韩非对老子朴素的辩证法思想也有所改造和发展。他在一定程度上看到事物转化的条件性。一对矛盾转化的一定条件的认识,虽然也还是直观的、朴素的,但在发展古代朴素辩证法思想上,也还是值得重视的。
自然观和无神论思想
韩非在自然观上也继承了荀况的唯物主义和无神论思想。同时,对老子哲学中的一些思想资料作了唯物主义的改造和吸取。
韩非从无神论的观点出发,还否认有意志的“天”。他说,“非天时,虽十尧不能冬生一穗。”(《功名》)。他继承了荀子“天行有常,不为尧存,不为桀亡”的思想。
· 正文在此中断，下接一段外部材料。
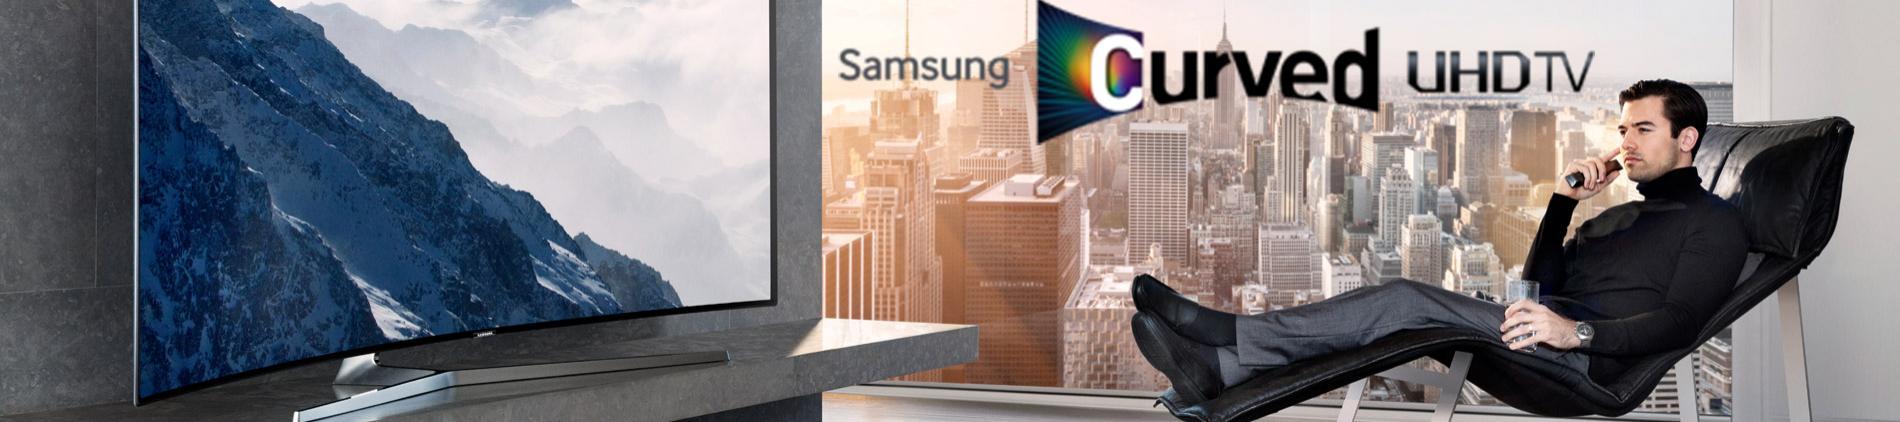 Samsung Curved 4K UHD TV

根据这些思想,韩非对老子的神秘主义的“道”进行了唯物主义的改造。在韩非的哲学思想中,“道”只是指自然界万事万物的本来面目,自然界或治理社会的总的规律。
韩非把“道”看做是自然界的一般本质,而每一具体事物的特殊性质他称之为“德”。他论述“道”与“德”的关系,认为“德”是体现“道”的。同时,韩非第一次把自然界的规律分为“道”和“理”。
“道”这个东西的真实情况是:它既不制裁任何东西,也不创造什么东西,而是柔弱顺从,随时变化,存在于所有具体事物的具体规律之中。
万物的“理”各不相同,也就是说,万物各有自己的“理”,然而“道”却完全适合于万物的理。韩非还认为,“理”是“有存亡,有死生,有盛衰”的,而道又是“柔顺随时,与理相应”的。因此,他反对老子所谓的那种不能言说的“常道”。他认为,他所说的“道”是“无常操”的,是可以“执其见功以处见其形”的,也是可以论说的。
韩非发挥了“理”这一哲学范畴,并论证了“理”和“道”的关系,即万物的具体规律与自然一般规律的关系。这反映了人们对客观物质世界及其规律性的认识不断在提高,因而在理论上的说明也更加深入细致了。韩非关于“理”的思想,在以后中国哲学史上是有很大影响的。
韩非把“道”看做是自然界的一般本质,而每一具体事物的特殊性质他称之为“德”。他论述“道”与“德”的关系,认为“德”是体现“道”的。同时,韩非第一次把自然界的规律分为“道”和“理”。